| Your task |
Please retype the listing below word for word and exclude its images.

| Provided material |
☆ ☆ ☆ ☆ ☆

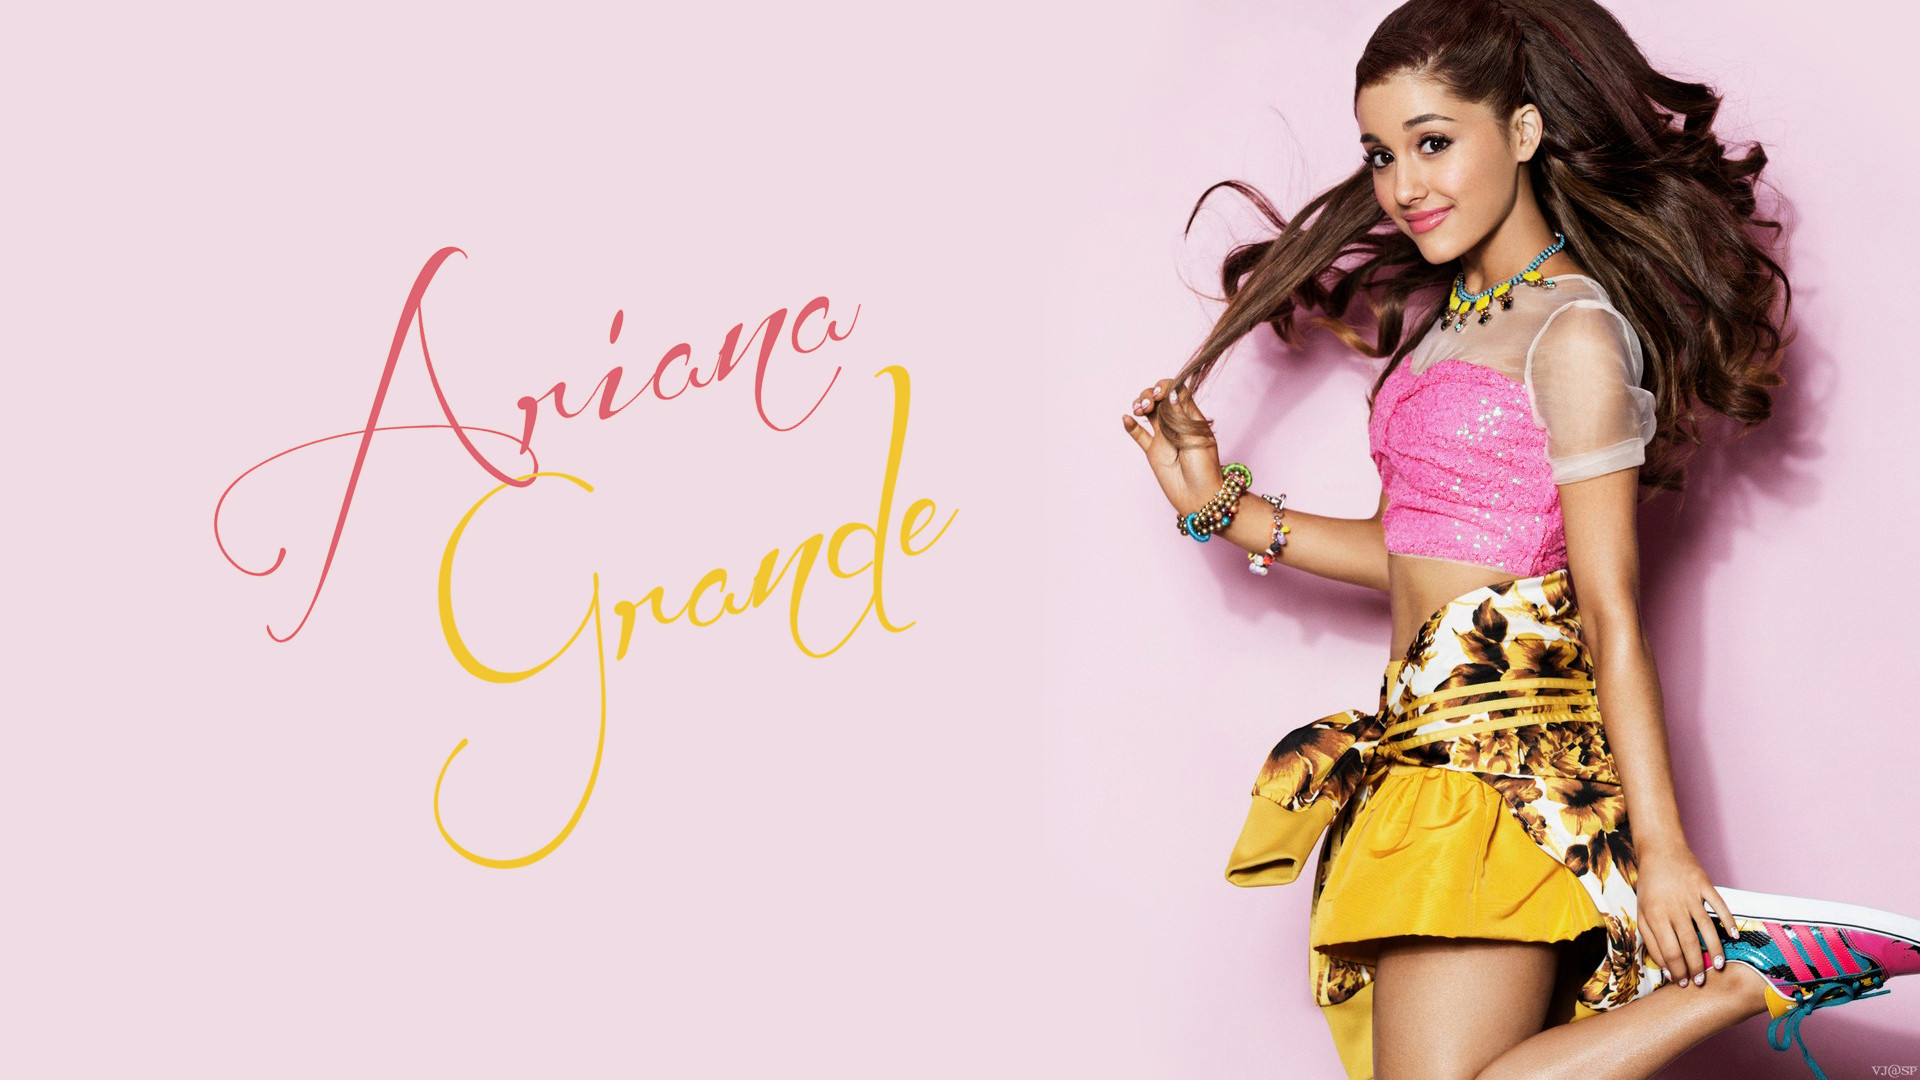 ariana grande wallpaper swt dwt  Ariana grande, Ariana grande photoshoot, Ariana  grande style
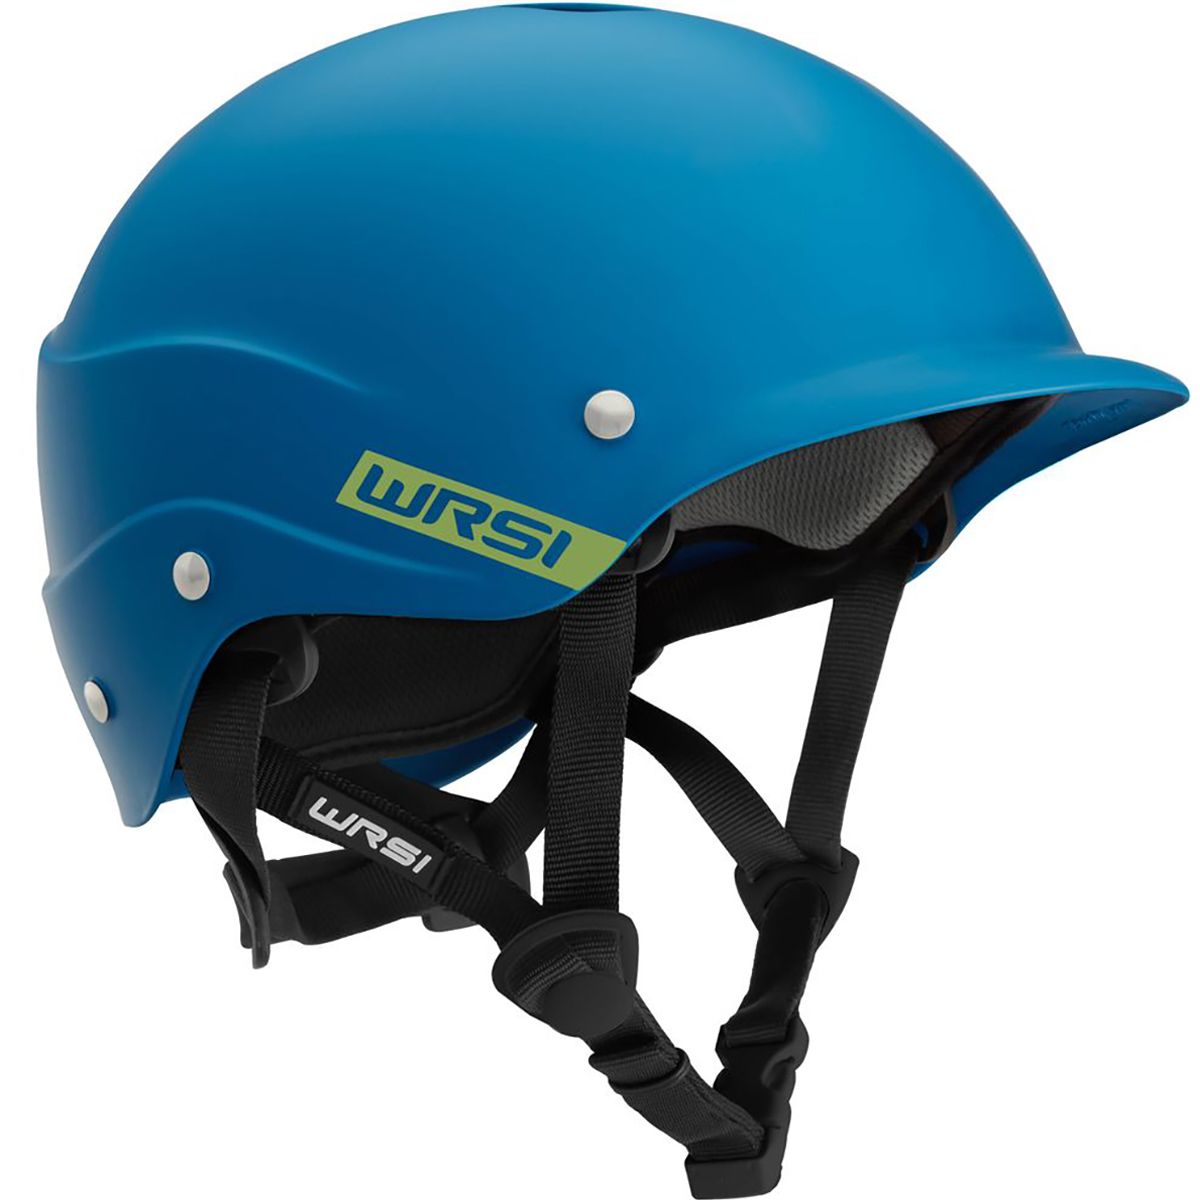 NRS WRSI Current Helmet 2020
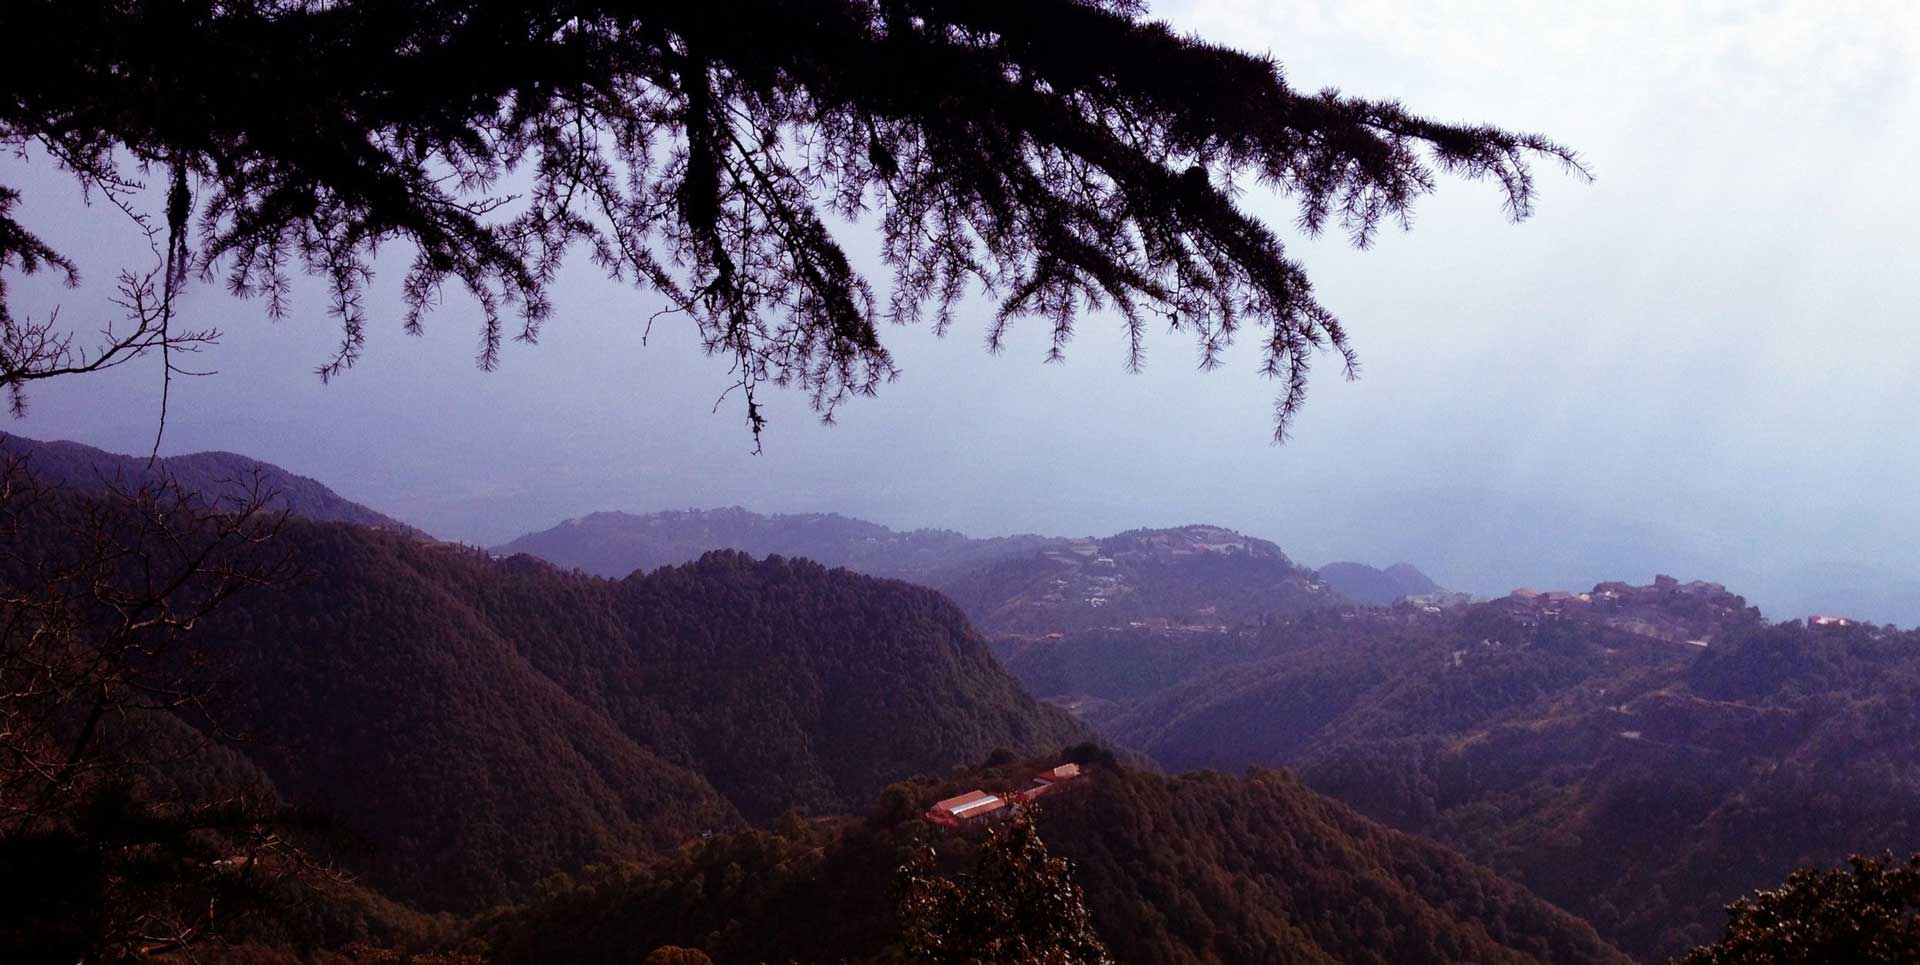 Mussoorie, Uttarakhand, India
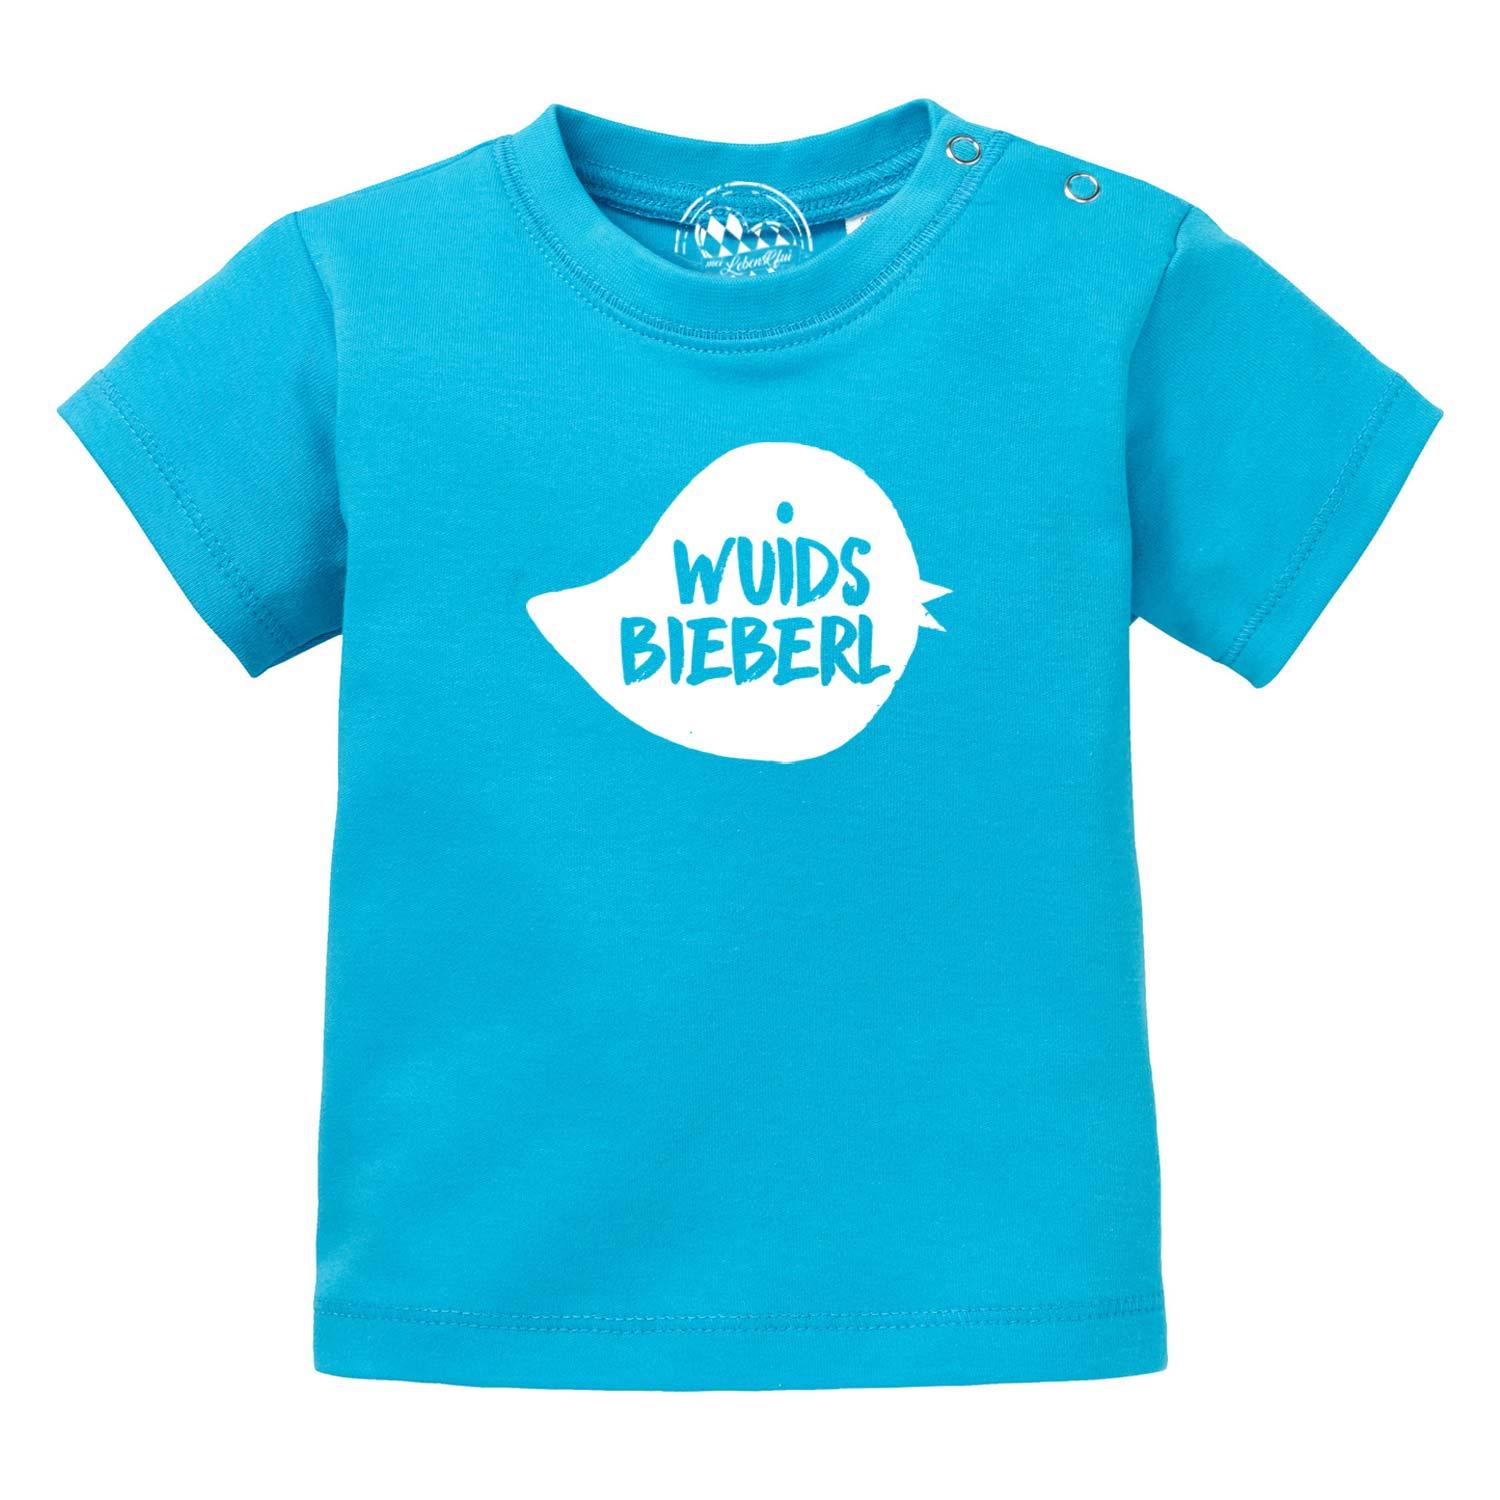 Baby T-Shirt "Wuids Bieberl" - bavariashop - mei LebensGfui

☆ ☆ ☆ ☆ ☆

| Response box |
 ariana grande wallpaper swt dwt  Ariana grande, Ariana grande photoshoot, Ariana  grande style
 NRS WRSI Current Helmet 2020
 Mussoorie, Uttarakhand, India
 Baby T-Shirt "Wuids Bieberl" - bavariashop - mei LebensGfui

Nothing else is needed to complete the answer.